FETCH_ALL_AT_ONCE = False¶: True if the reader is configured to fetch all records at once, even if the user only needs a subset.

IRI_PREFIX: str | None = None¶: The prefix to use to create an IRI out of a record identifier. If an IRI cannot be created with a simple prefix, the identifier_to_iri and iri_to_identifier methods have to be overridden.

MAXIMUM_RECORDS_PER_PAGE: int | None = None¶: Maximum number of records to fetch per page. If not set, there is no predefined limit.

READERTYPE: str | None = None¶: The type of the reader, out of BIOGRAPHICAL and BIBLIOGRAPHICAL (defined in the edpop_explorer package).

SHORT_NAME: str | None = None¶: Short name of the corresponding catalogue, to be used in user interfaces.

adjust_start_record(start_number: int) → None¶

Skip the given number of first records and start fetching afterwards.

This functionality may be ignored by readers that can only load all records at once; generally these are readers that return lazy records.

classmethod catalog_to_graph() → Graph¶: Create an RDF representation of the catalog that this reader supports as an instance of EDPOPREC:Catalog.

fetch(number: int | None = None) → range¶: Perform an initial or subsequent query. Most readers fetch a limited number of records at once – this number depends on the reader but it may be adjusted using the number parameter. Other readers fetch all records at once and ignore the number parameter. After fetching, the records are available in the records attribute and the number_of_results attribute will be available. Returns the range of record indexes that has been fetched.

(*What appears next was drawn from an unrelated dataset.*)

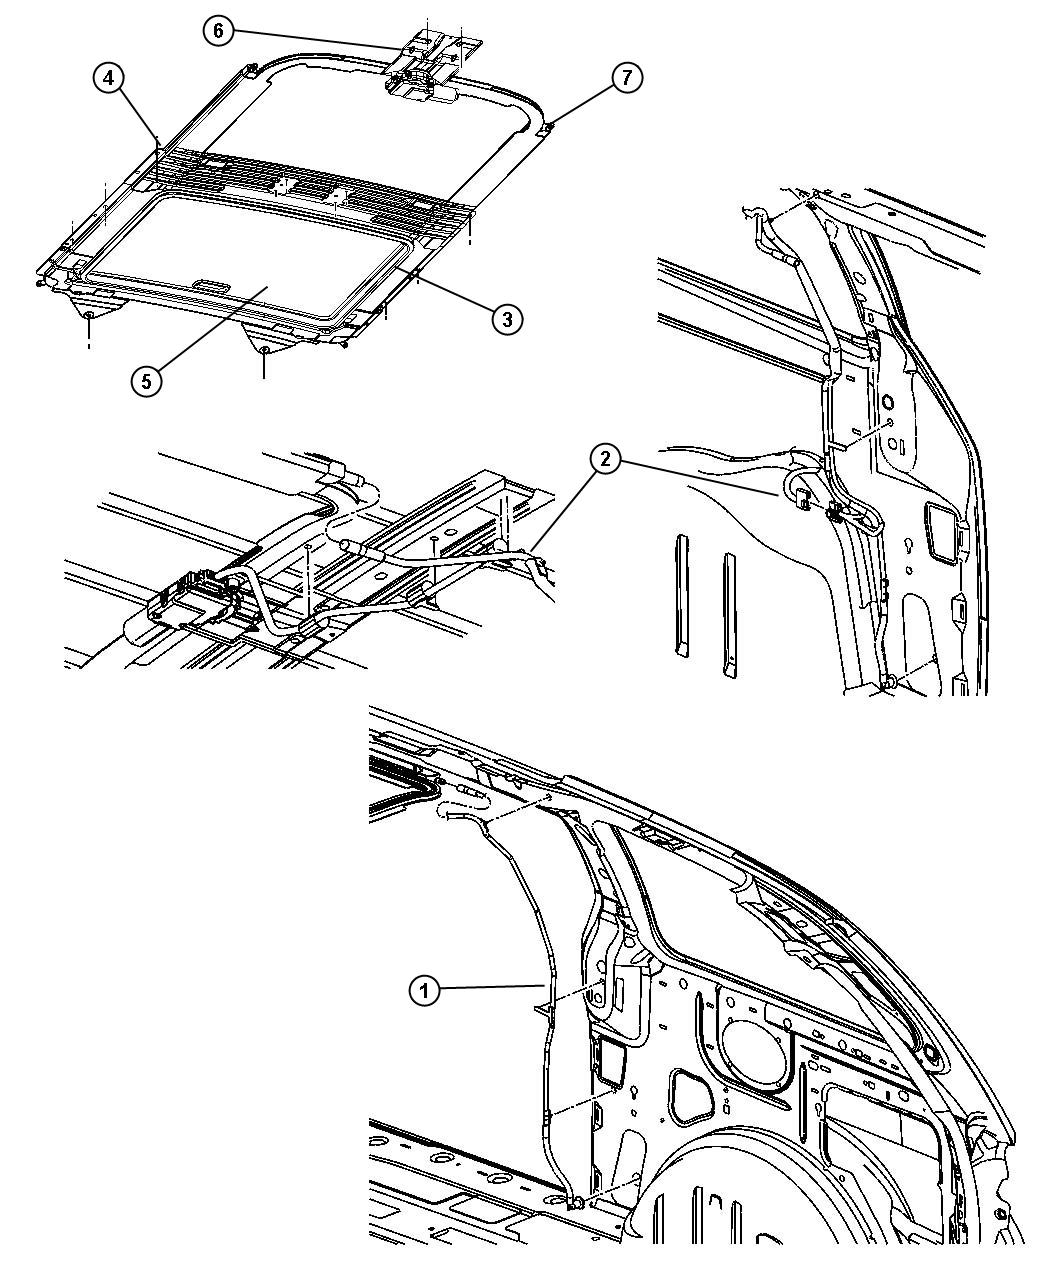 Dodge Grand Caravan Trim lace. Sunroof. Trim: [all trim

abstractmethod fetch_range(range_to_fetch: range) → range¶

Fetch a specific range of records. After fetching, the records are available in the records attribute and the number_of_results attribute will be available. If not all records of the specified range exist, only the records that exist will be fetched.

Parameters:: range_to_fetch – The range of records to fetch. step values of ranges other than 1 are not supported and may be ignored.
Returns:: The range of record indexes that has actually been fetched.

property fetching_exhausted: bool¶: Return True if all results have been fetched.

property fetching_started: bool¶: True if fetching has started, otherwise False. As soon as fetching has started, changing the query is not possible anymore.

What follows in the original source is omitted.